Provided data:
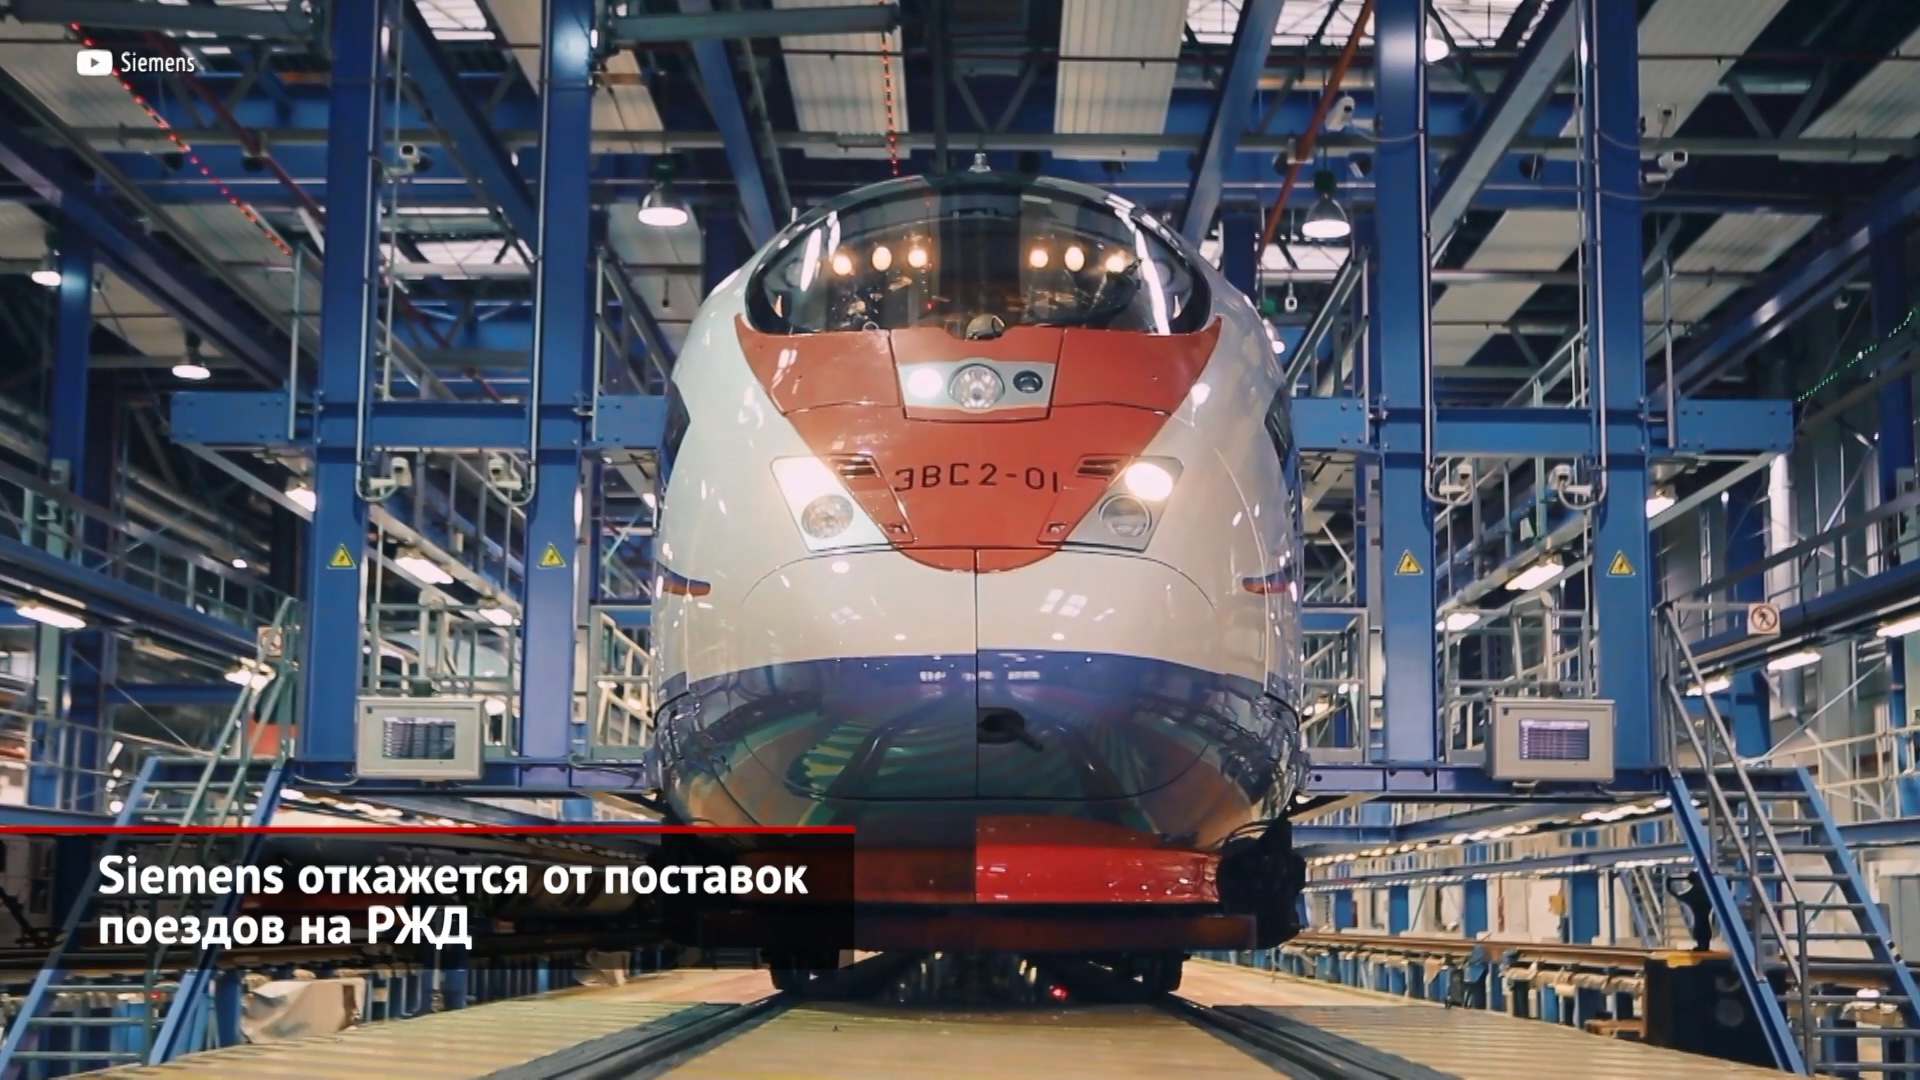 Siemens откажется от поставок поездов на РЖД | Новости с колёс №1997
---
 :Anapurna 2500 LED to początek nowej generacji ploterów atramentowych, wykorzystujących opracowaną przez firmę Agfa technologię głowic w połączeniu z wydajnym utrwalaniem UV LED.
--
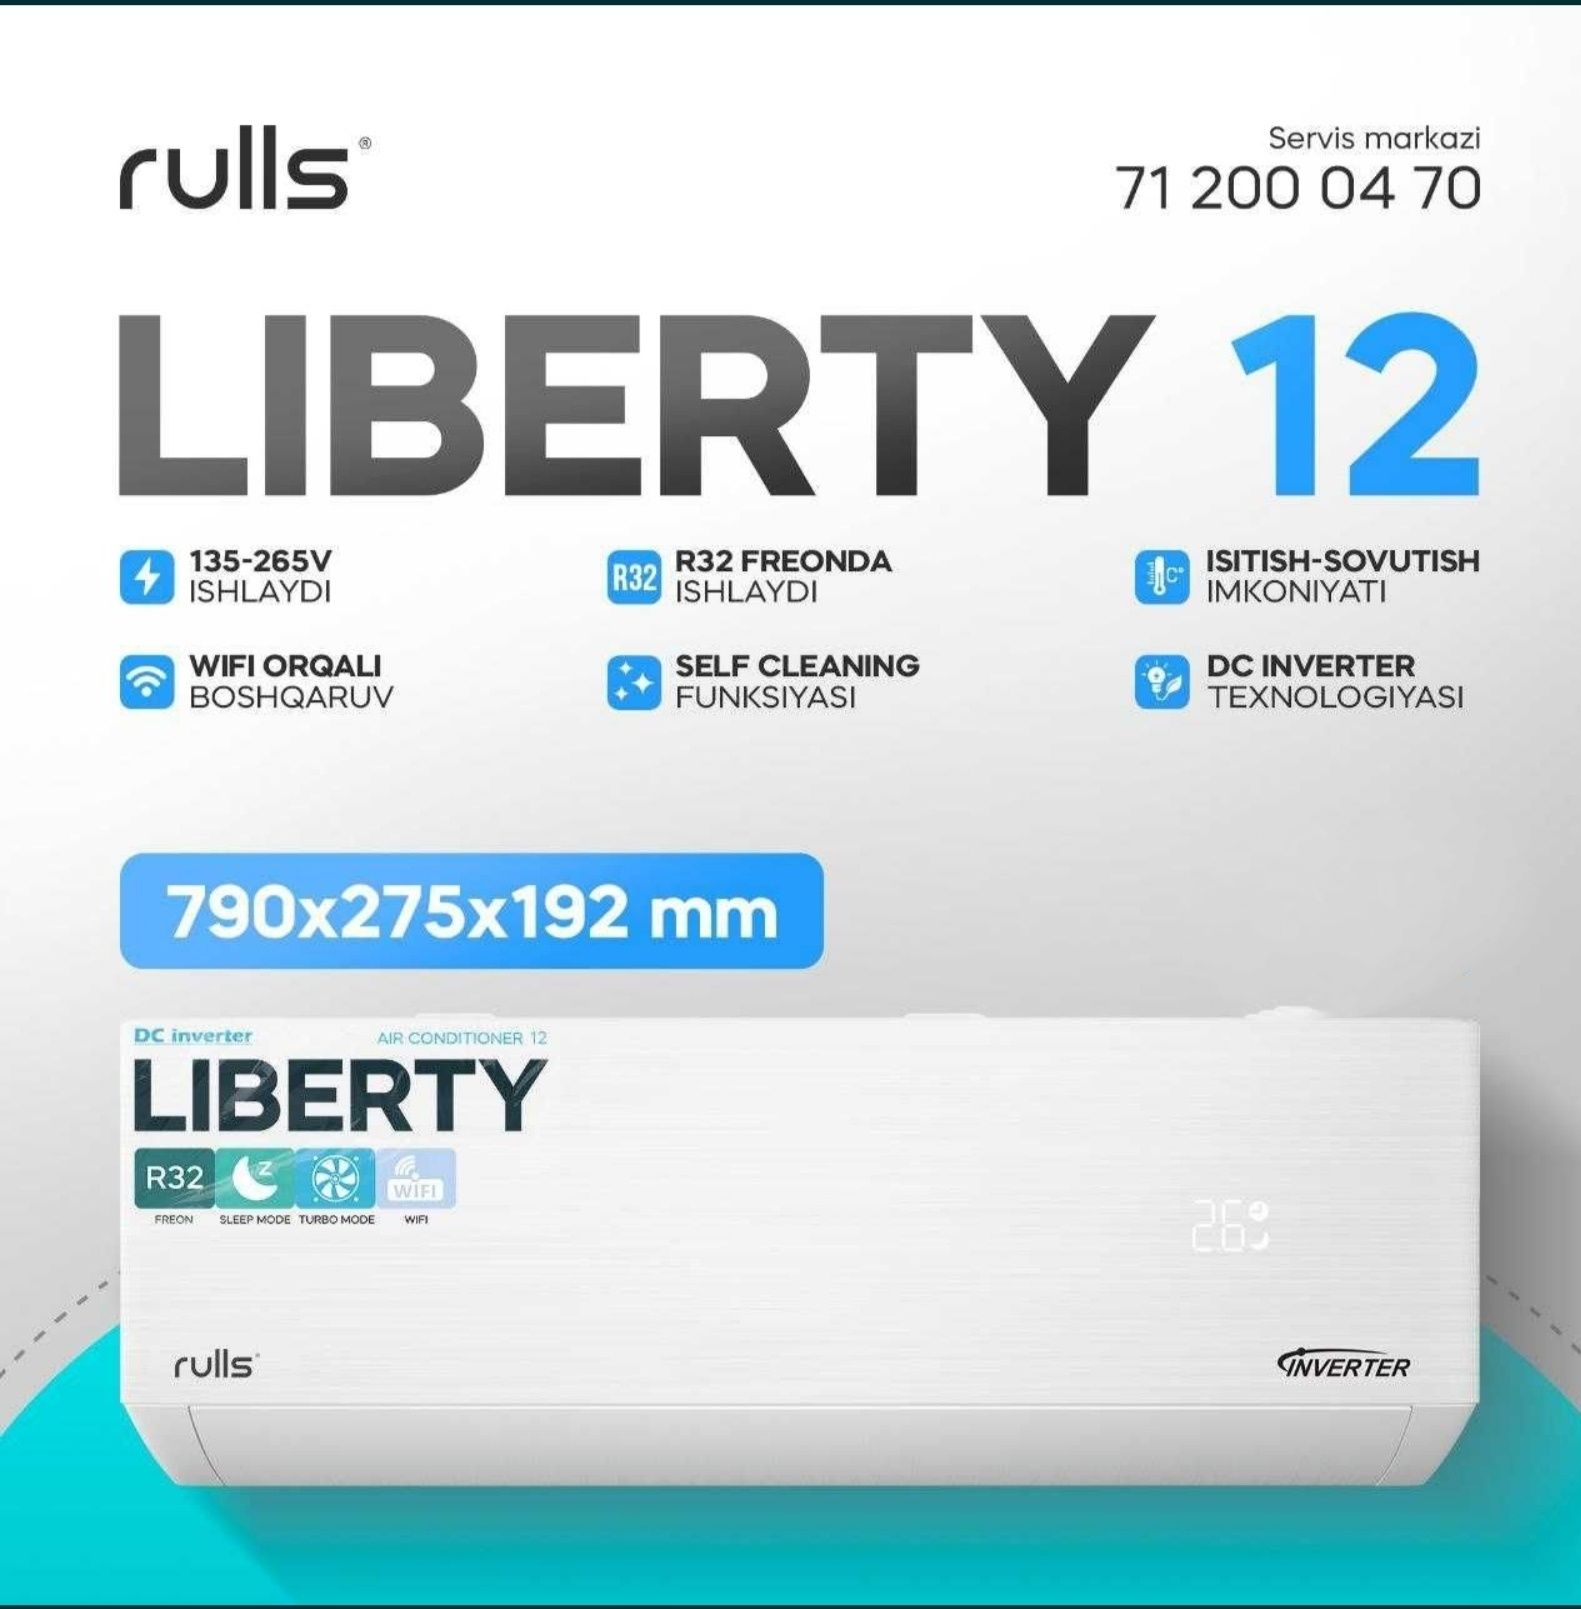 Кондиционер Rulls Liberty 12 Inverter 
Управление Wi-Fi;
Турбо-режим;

What the task asks:
Print, word for word, the lines above that run from the line containing "Кондиционер Rulls Liberty 12 Inverter" to the line containing "Турбо-режим;", both included. Keep the pictures out.

Exercise answer:
 Кондиционер Rulls Liberty 12 Inverter 
Управление Wi-Fi;
Турбо-режим;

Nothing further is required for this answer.